Once the line containing "Prevention of Dental" is found in the entries below, restate it and each following line word for word, stopping after the line containing "Hrithik Roshan Photo".

* [Supplied entries]
....................

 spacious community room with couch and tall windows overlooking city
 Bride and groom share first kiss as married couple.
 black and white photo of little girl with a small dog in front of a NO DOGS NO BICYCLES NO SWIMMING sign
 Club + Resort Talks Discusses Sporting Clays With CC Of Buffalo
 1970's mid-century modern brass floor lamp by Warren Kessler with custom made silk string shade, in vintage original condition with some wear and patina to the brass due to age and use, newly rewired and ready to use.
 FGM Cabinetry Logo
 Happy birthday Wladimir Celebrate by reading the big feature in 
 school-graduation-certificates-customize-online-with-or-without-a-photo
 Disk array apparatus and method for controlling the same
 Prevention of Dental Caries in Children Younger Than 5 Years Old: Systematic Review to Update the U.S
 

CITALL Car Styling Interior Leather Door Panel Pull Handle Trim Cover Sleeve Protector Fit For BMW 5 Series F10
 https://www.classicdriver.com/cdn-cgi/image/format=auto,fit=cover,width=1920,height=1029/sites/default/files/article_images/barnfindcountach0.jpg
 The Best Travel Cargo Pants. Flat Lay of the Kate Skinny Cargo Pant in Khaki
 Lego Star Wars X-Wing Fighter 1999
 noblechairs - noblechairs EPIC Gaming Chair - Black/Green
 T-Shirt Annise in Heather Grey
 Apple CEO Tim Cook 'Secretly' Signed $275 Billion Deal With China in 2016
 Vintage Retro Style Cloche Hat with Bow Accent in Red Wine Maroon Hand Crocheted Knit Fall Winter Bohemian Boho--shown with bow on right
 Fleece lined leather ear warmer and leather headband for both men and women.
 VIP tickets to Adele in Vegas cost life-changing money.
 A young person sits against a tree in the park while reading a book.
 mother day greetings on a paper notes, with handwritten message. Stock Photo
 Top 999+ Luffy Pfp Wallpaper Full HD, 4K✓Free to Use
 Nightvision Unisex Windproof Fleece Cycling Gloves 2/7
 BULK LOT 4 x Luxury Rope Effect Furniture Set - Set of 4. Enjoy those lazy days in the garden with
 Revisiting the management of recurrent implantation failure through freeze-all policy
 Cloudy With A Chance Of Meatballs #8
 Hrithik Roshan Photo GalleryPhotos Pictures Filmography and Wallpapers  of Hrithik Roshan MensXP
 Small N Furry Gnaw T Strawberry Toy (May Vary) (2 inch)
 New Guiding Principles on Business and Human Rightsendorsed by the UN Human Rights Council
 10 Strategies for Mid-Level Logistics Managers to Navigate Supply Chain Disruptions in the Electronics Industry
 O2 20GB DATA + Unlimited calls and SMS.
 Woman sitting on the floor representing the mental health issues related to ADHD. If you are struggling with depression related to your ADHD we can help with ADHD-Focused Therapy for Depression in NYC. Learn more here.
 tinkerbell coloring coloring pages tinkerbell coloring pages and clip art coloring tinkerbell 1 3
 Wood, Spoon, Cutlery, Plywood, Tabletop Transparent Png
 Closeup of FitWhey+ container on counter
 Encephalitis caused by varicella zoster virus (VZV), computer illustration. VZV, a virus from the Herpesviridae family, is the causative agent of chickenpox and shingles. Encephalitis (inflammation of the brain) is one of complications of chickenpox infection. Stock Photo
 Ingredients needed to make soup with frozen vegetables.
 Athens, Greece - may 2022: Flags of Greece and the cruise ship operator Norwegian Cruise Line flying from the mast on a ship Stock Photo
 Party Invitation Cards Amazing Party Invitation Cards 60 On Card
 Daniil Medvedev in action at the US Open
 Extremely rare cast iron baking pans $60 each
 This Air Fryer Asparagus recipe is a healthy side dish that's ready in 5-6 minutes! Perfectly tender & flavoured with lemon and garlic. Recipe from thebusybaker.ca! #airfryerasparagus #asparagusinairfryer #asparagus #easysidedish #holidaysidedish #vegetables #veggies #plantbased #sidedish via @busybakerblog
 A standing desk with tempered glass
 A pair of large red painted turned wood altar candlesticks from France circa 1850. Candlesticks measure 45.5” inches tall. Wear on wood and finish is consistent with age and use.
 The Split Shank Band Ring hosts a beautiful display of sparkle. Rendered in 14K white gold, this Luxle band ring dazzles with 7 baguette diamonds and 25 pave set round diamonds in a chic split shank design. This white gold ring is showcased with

....................

* [Output for this exercise]
 Prevention of Dental Caries in Children Younger Than 5 Years Old: Systematic Review to Update the U.S
 

CITALL Car Styling Interior Leather Door Panel Pull Handle Trim Cover Sleeve Protector Fit For BMW 5 Series F10
 https://www.classicdriver.com/cdn-cgi/image/format=auto,fit=cover,width=1920,height=1029/sites/default/files/article_images/barnfindcountach0.jpg
 The Best Travel Cargo Pants. Flat Lay of the Kate Skinny Cargo Pant in Khaki
 Lego Star Wars X-Wing Fighter 1999
 noblechairs - noblechairs EPIC Gaming Chair - Black/Green
 T-Shirt Annise in Heather Grey
 Apple CEO Tim Cook 'Secretly' Signed $275 Billion Deal With China in 2016
 Vintage Retro Style Cloche Hat with Bow Accent in Red Wine Maroon Hand Crocheted Knit Fall Winter Bohemian Boho--shown with bow on right
 Fleece lined leather ear warmer and leather headband for both men and women.
 VIP tickets to Adele in Vegas cost life-changing money.
 A young person sits against a tree in the park while reading a book.
 mother day greetings on a paper notes, with handwritten message. Stock Photo
 Top 999+ Luffy Pfp Wallpaper Full HD, 4K✓Free to Use
 Nightvision Unisex Windproof Fleece Cycling Gloves 2/7
 BULK LOT 4 x Luxury Rope Effect Furniture Set - Set of 4. Enjoy those lazy days in the garden with
 Revisiting the management of recurrent implantation failure through freeze-all policy
 Cloudy With A Chance Of Meatballs #8
 Hrithik Roshan Photo GalleryPhotos Pictures Filmography and Wallpapers  of Hrithik Roshan MensXP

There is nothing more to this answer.